● **What you will do**
Data follows below. Repeat exactly the lines between the line holding "Nước hoa Dolce & Gabbana The One Grey" and the line holding "Schnabel Engineering Company Logo", inclusive, and nothing more; drop pictures.

● **Material to process**
● ● ● ● ● ● ●

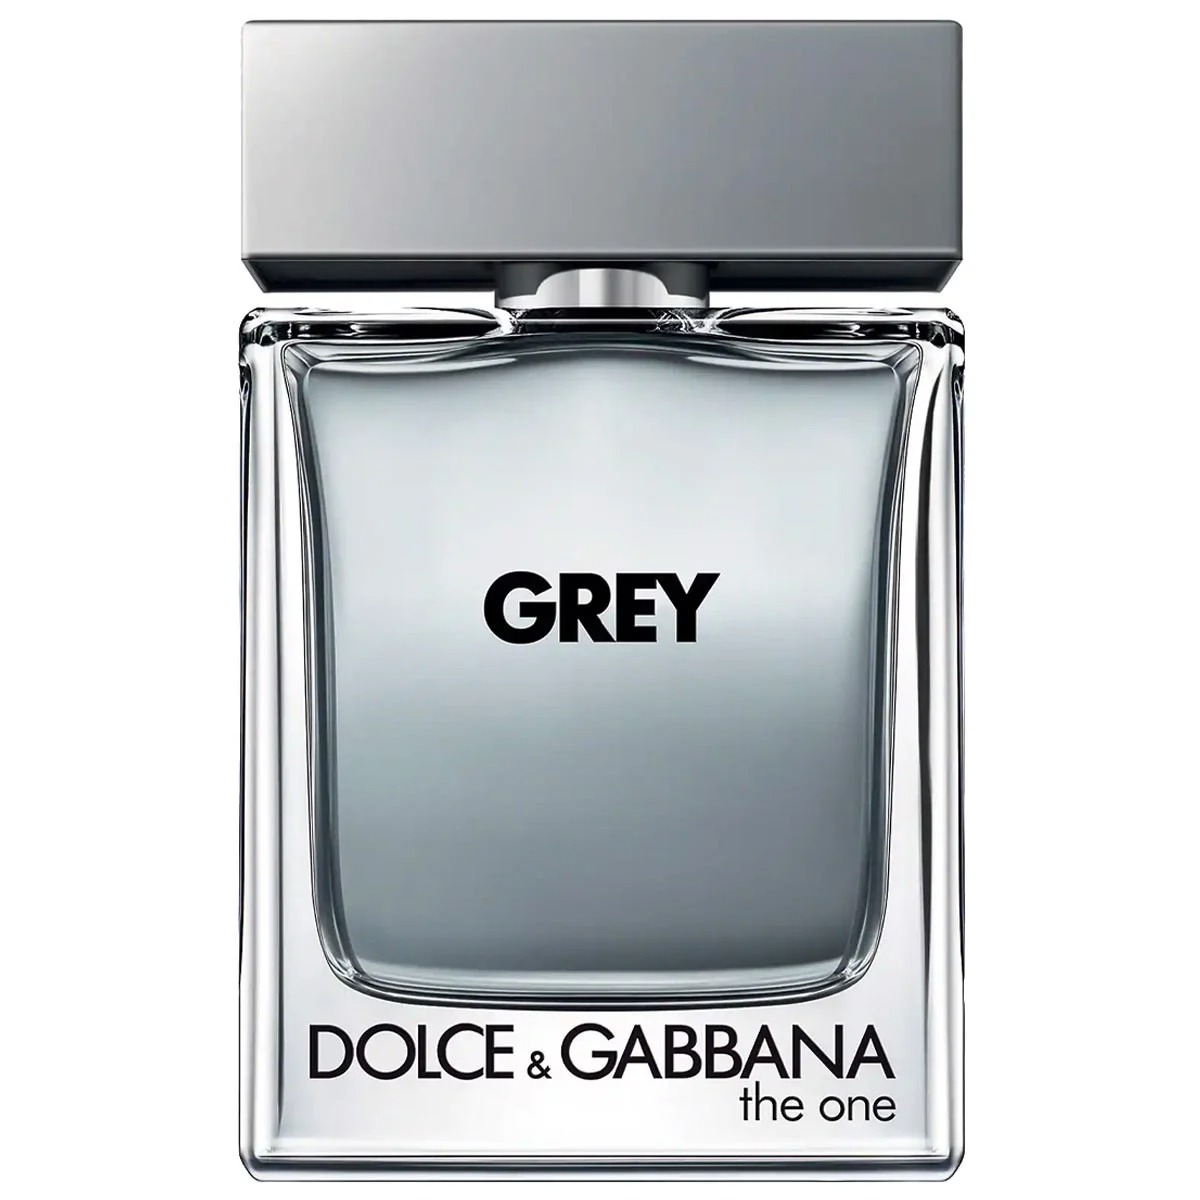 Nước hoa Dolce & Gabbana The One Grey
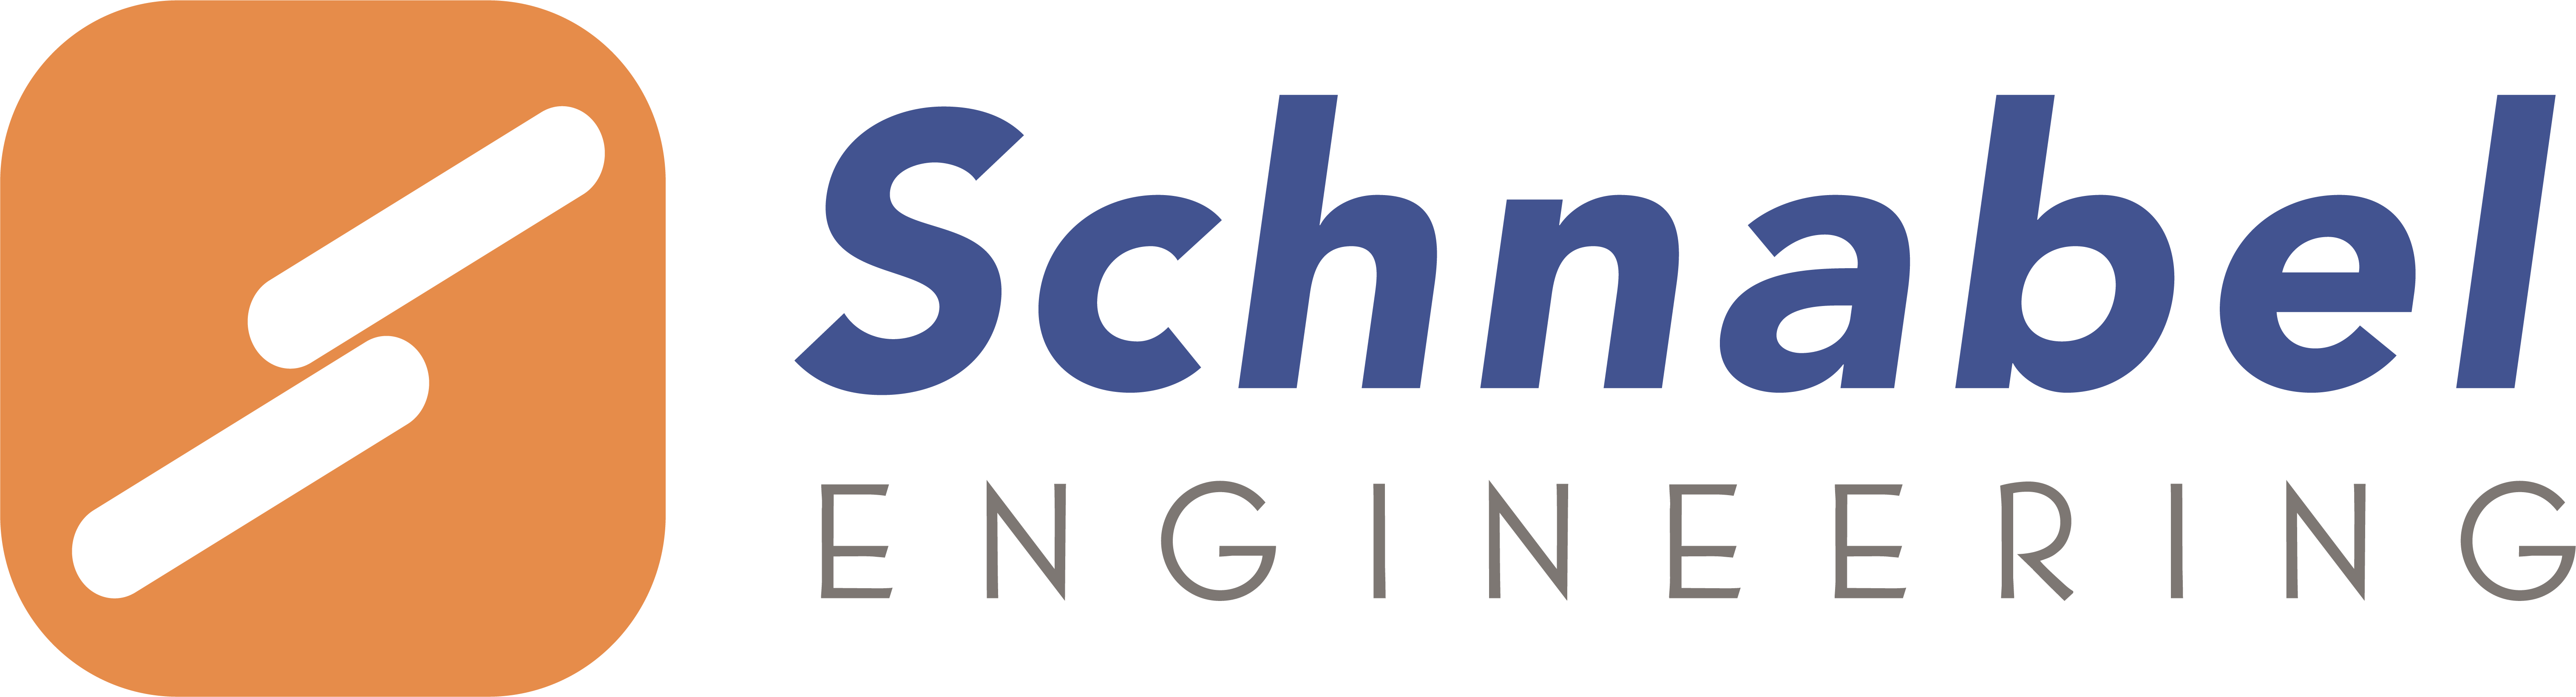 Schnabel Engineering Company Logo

● ● ● ● ● ● ●

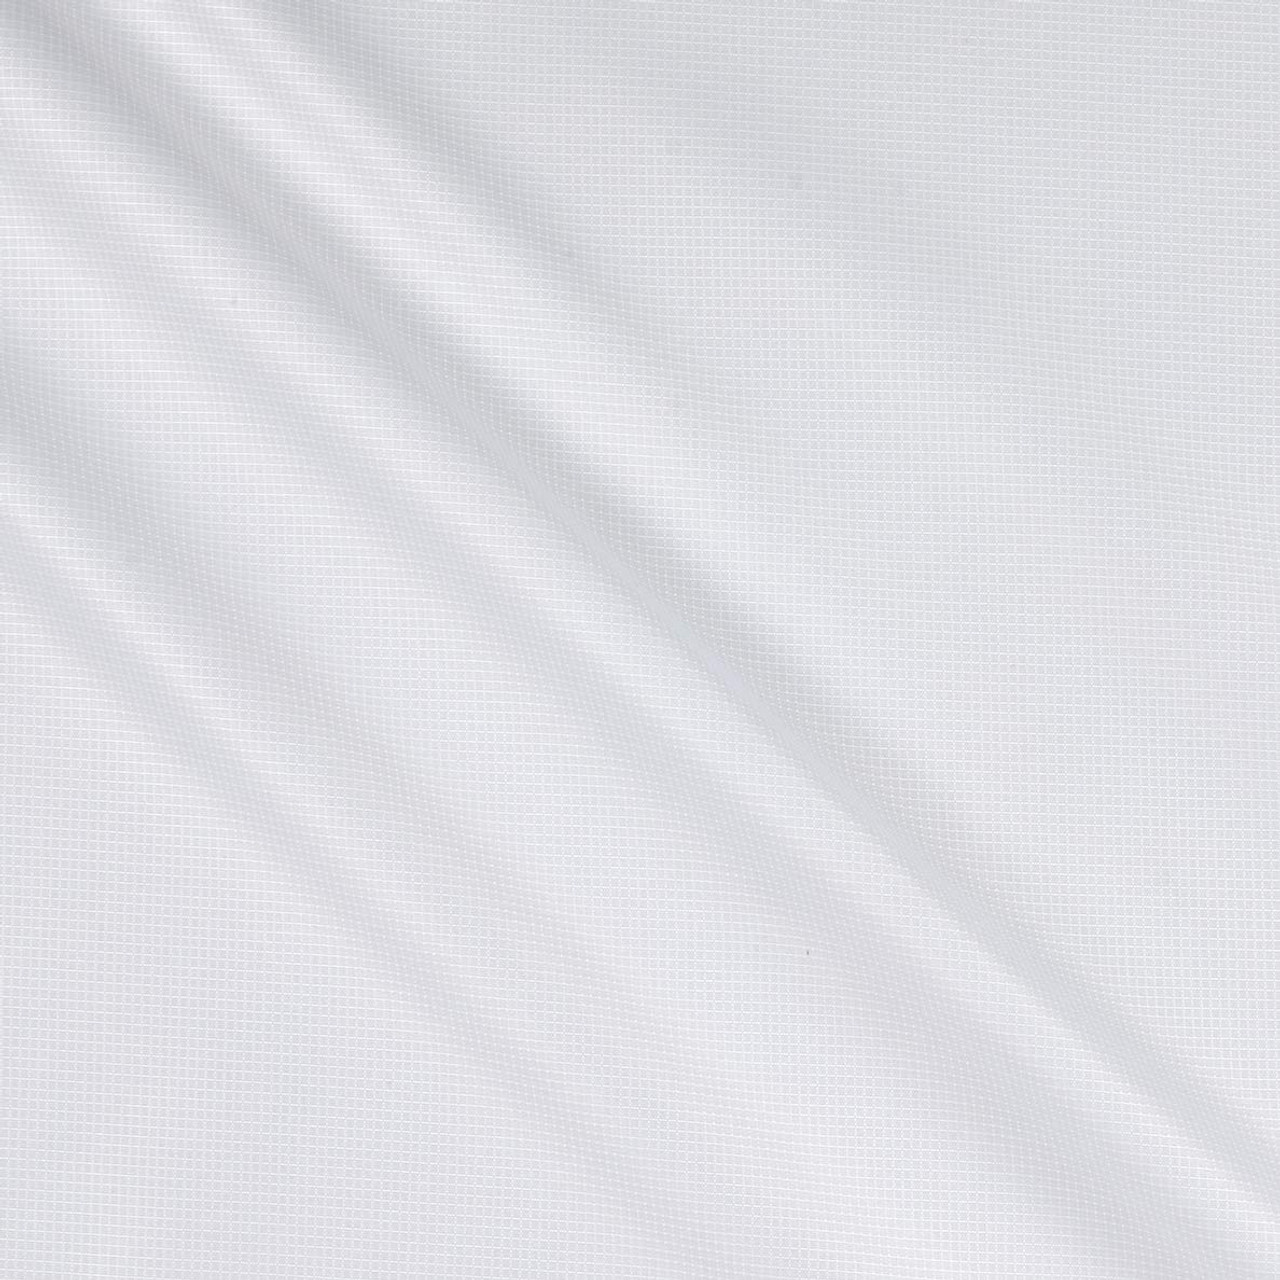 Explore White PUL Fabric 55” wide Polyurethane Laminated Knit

● ● ● ● ● ● ●

● **Result of the task**
 Nước hoa Dolce & Gabbana The One Grey
 Schnabel Engineering Company Logo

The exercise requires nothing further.